There is an undirected connected tree with n nodes labeled from 0 to n - 1 and n - 1 edges.
You are given the integer n and the array edges where edges[i] = [ai, bi] indicates that there is an edge between nodes ai and bi in the tree.
Return an array answer of length n where answer[i] is the sum of the distances between the ith node in the tree and all other nodes.
Example 1:
Input: n = 6, edges = [[0,1],[0,2],[2,3],[2,4],[2,5]]
Output: [8,12,6,10,10,10]
Explanation: The tree is shown above.
We can see that dist(0,1) + dist(0,2) + dist(0,3) + dist(0,4) + dist(0,5)
equals 1 + 1 + 2 + 2 + 2 = 8.
Hence, answer[0] = 8, and so on.
Example 2:
Input: n = 1, edges = []
Output: [0]
Example 3:
Input: n = 2, edges = [[1,0]]
Output: [1,1]
Constraints:
1 <= n <= 3 * 104
edges.length == n - 1
edges[i].length == 2
0 <= ai, bi < n
ai != bi
The given input represents a valid tree.
Solutions
Solution 1: Tree DP (Re-rooting)
First, we run a DFS to calculate the size of each node's subtree, recorded in the array \(size\), and compute the sum of distances from node \(0\) to all other nodes, recorded in \(ans[0]\).
Next, we run another DFS to enumerate the sum of distances from each node when it is considered as the root.
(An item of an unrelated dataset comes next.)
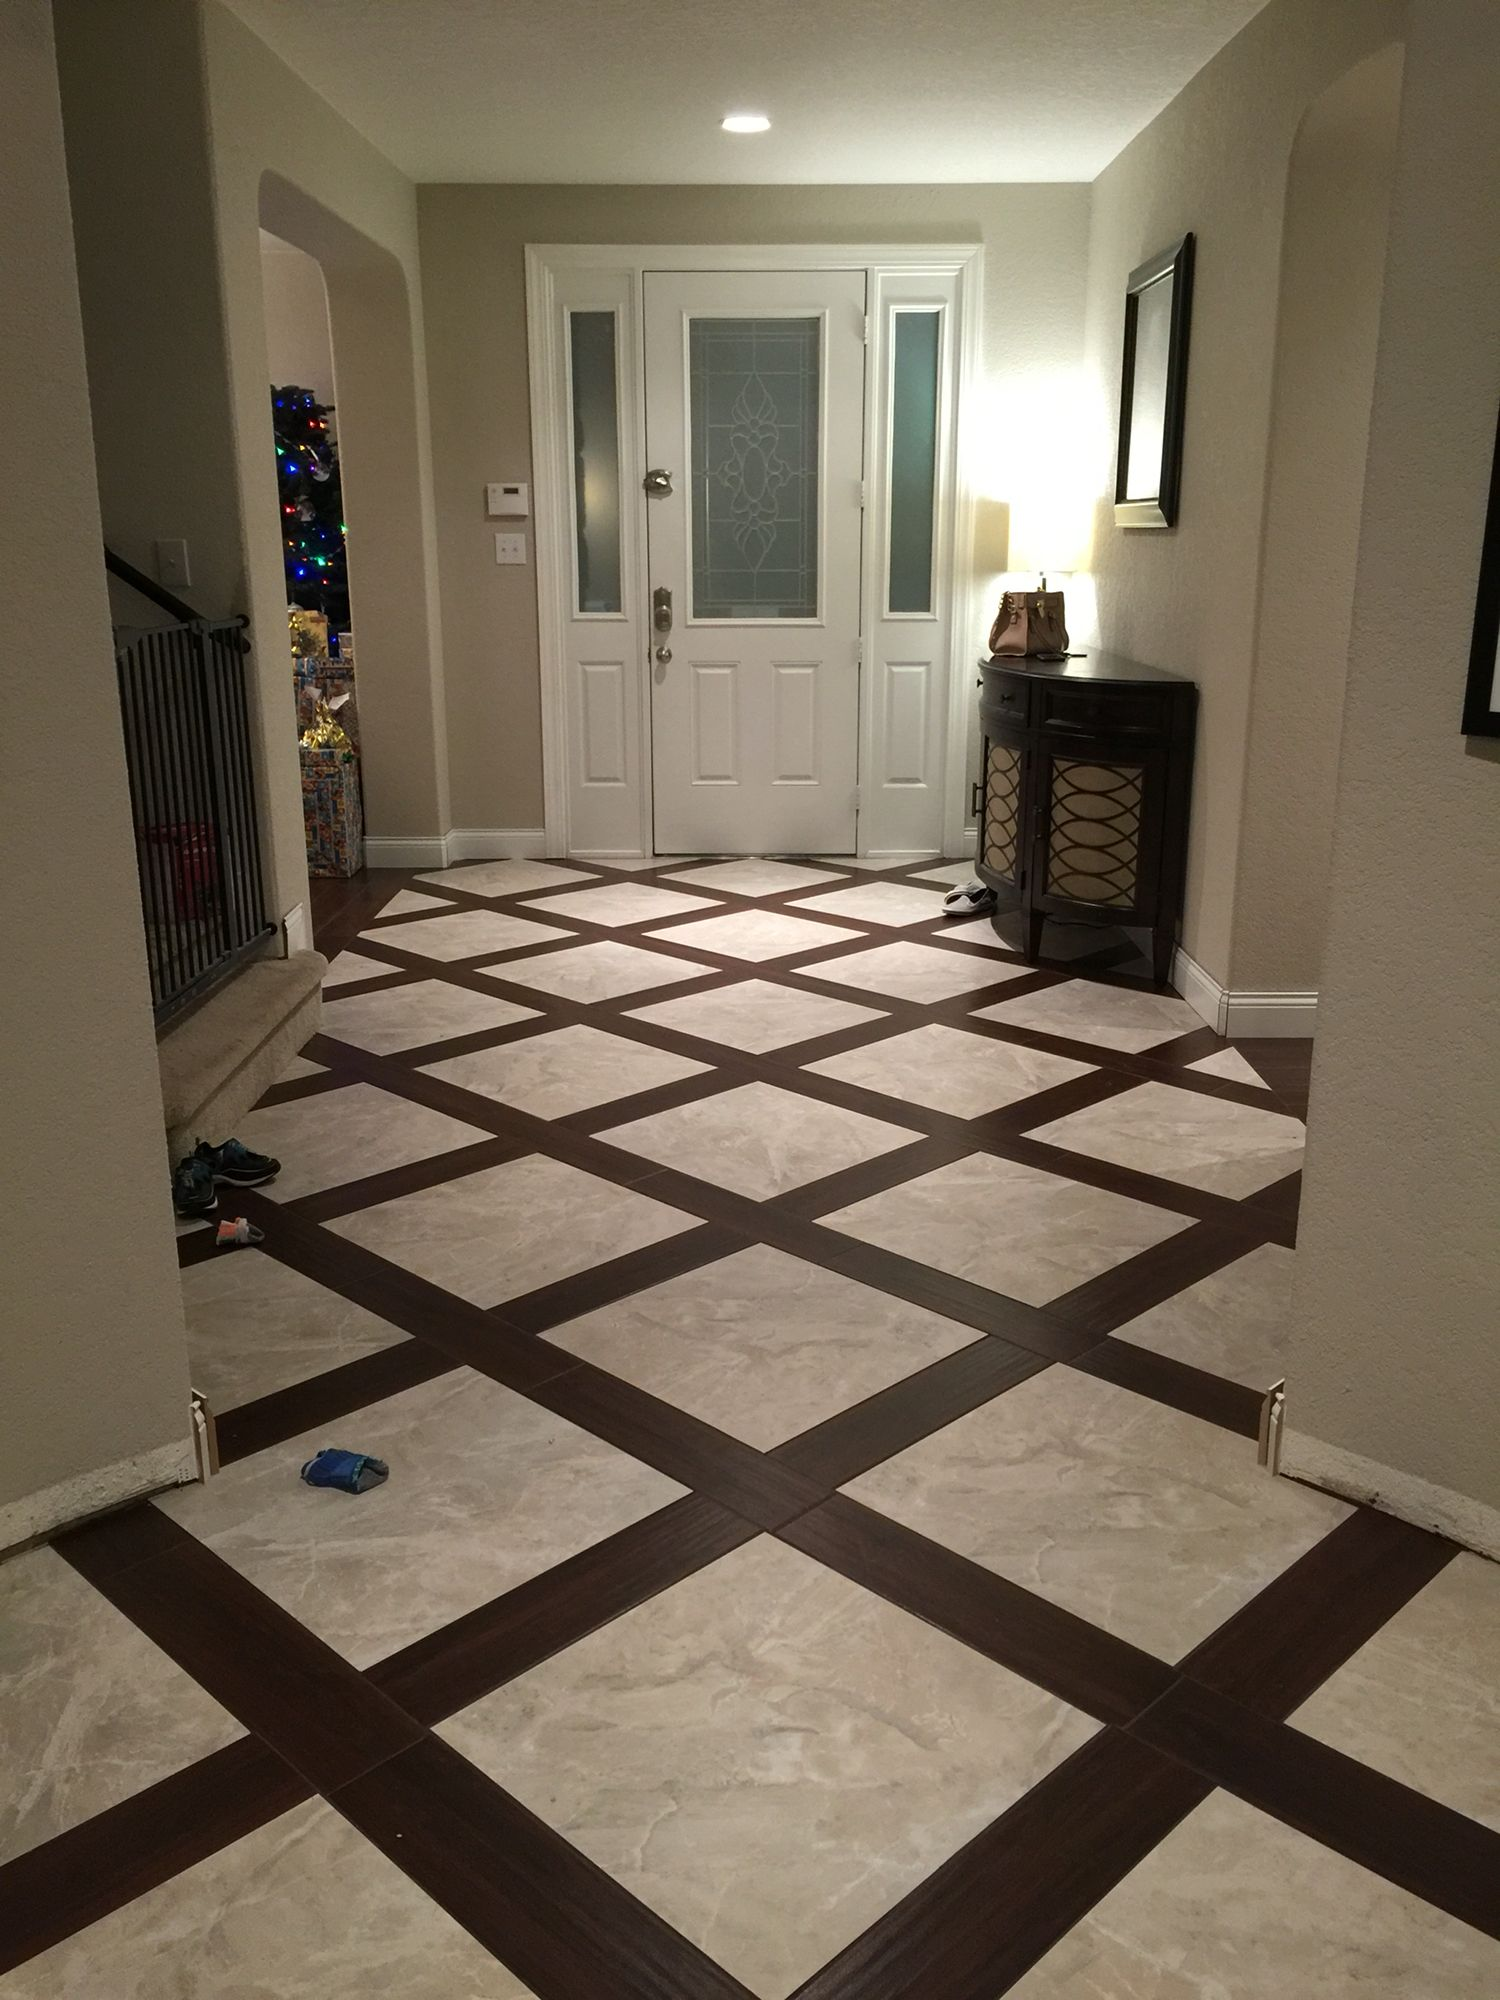 Basketweave tile design. Porcelain wood look tile Wood

Suppose the answer for the current node \(i\) is \(t\). When we move from node \(i\) to node \(j\), the sum of distances changes to \(t - size[j] + n - size[j]\), meaning the sum of distances to node \(j\) and its subtree nodes decreases by \(size[j]\), while the sum of distances to other nodes increases by \(n - size[j]\).
The time complexity is \(O(n)\), and the space complexity is \(O(n)\), where \(n\) is the number of nodes in the tree.